Even though his children live all over the world, they would visit them from time to time, and during the year, many grandchildren would visit them. Rabbi Eidelman was still teaching for a few hours every day at the kolel in his building with about 20 seniors and middle-aged students regularly attending.
This year for Sukkot, he didn’t have any grandchildren visiting, and so they were even more overjoyed with our drop-in visit. Before we left, he showed us a folder of tens of letters and telegrams from the Rebbe that gave them strength, direction and perseverance during the many decades they served.
Inspiration From the Rebbe
In one letter, the Rebbe wrote to them in an addendum to the full letter (Free translation):
“Praiseworthy is your lot that Divine Providence gave you a beautiful portion. Educating and drawing near the hearts of the Jewish people to their Father in heaven, the reward knows no limits.”
“In addition to ‘the reward of a mitzvah is a mitzvah,’ the above are among the deeds that a person eats the fruits of in this physical world and eternally in the world to come. They include teaching Torah and acts of lovingkindness.”
“This is the main Divine service in our generation before the advent of the coming of Moshiach, this is the way to attach yourself to G‑d truthfully thereby transforming darkness into the ultimate light.”
The Rebbe concluded by writing a line from Tanya written by the Alter Rebbe in Igeres Hakodesh (End of Chapter 9, quoting from Yeshayahu 52. “‘May we merit to see each other eye to eye, with the return of G‑d to Zion.’ With major blessing and success in all the above.”
Rabbi Eidelman’s great influence, and his loss, is felt throughout Morocco, as well as across Israel and around the world, wherever his thousands of alumni now reside.
How ironic that a rabbi who never left his flock—no matter how difficult and single-handed such leadership could be—passed away alone in a Casablanca hospital due to the coronavirus pandemic. He was buried quickly on the holiday of Pesach without a proper funeral, though with the oversight of a rabbi, and without any of his seven children or dozens of grandchildren, great-grandchildren or members of his beloved community present.
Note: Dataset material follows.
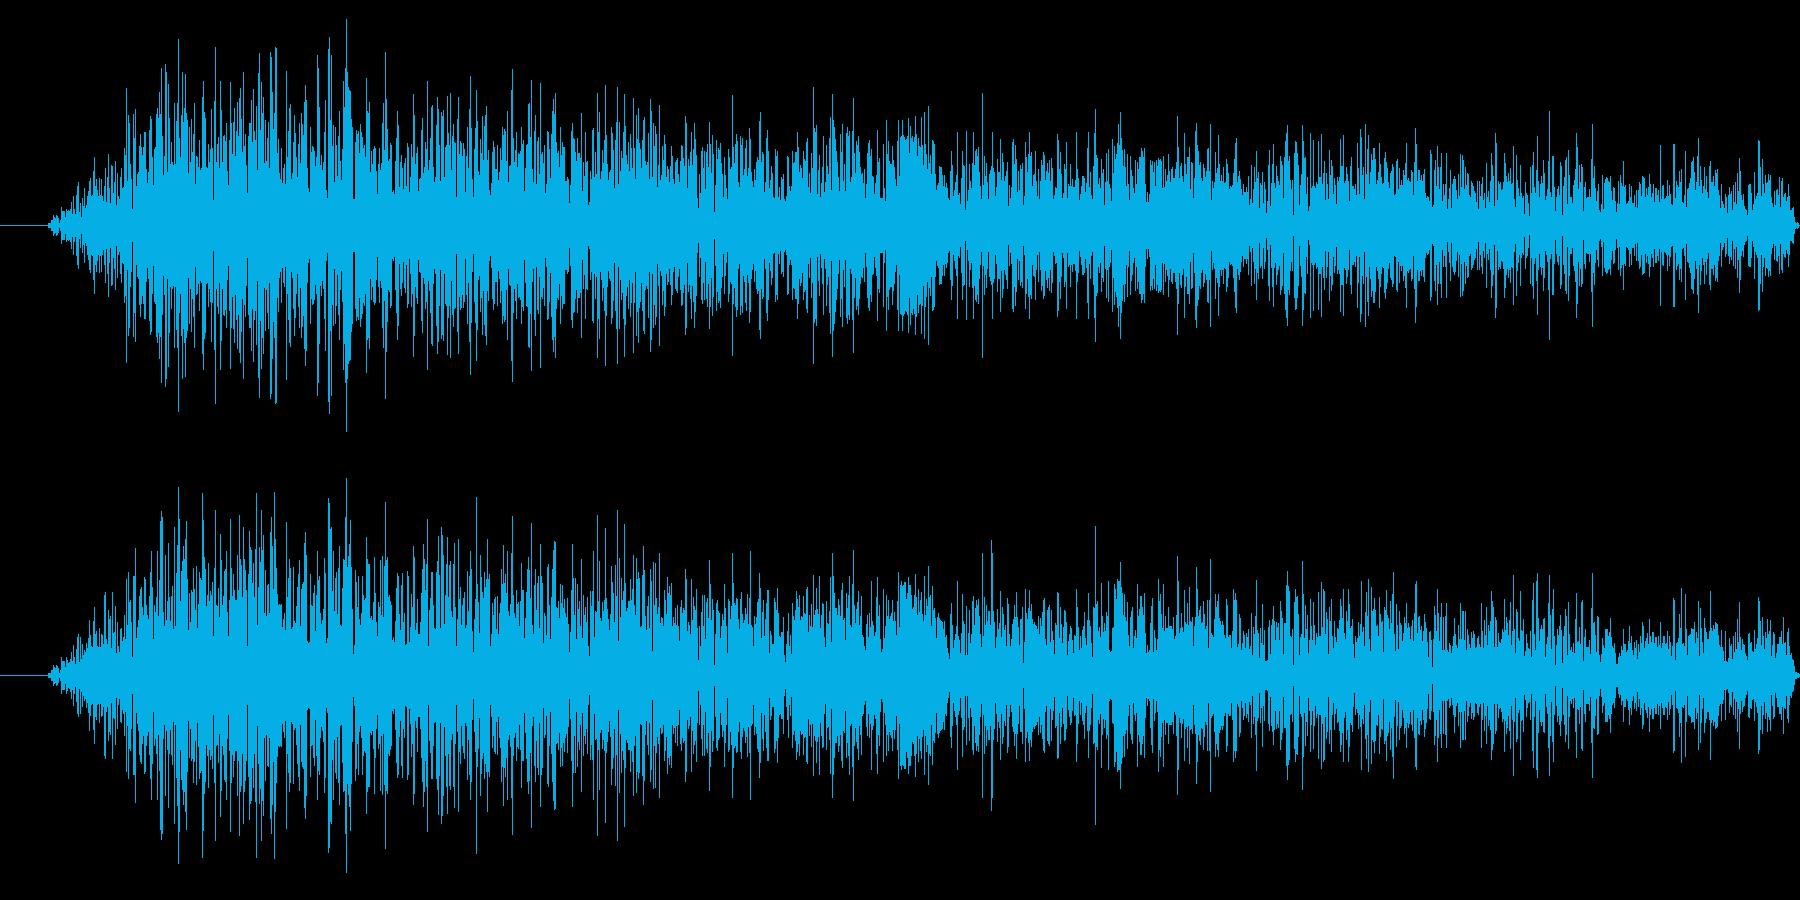 虫の鳴き声の再生済みの波形

I will honor his memory by supporting Chabad of Casablanca.
Rabbi Sholom Eidelman is survived by his wife and by their children, Rabbi Shneur Zalman Eidelman (Vienna, Austria), Rabbi Yoel Eidelman (Brunoy, France), Rabbi Menachem Mendel Eidelman (Brooklyn, N.Y.), Rabbi Eliezer Eidelman (Manchester, England), Rabbi Shmuel Eidelman (Brooklyn, N.Y.), Toiba Rivka Belinow (Paris), Chana Gurevitch (Chicago); and numerous grandchildren and great-grandchildren, many of whom are emissaries around the world.
He is also survived by his sister, Assya Pevsner, of France. (The family requested not to notify her about the passing.)
He was predeceased by his son, Rabbi Yosef Yitzchok Eidelman, of Israel. He was also predeceased by his brother, R’ Yoel Edelman, of Paris.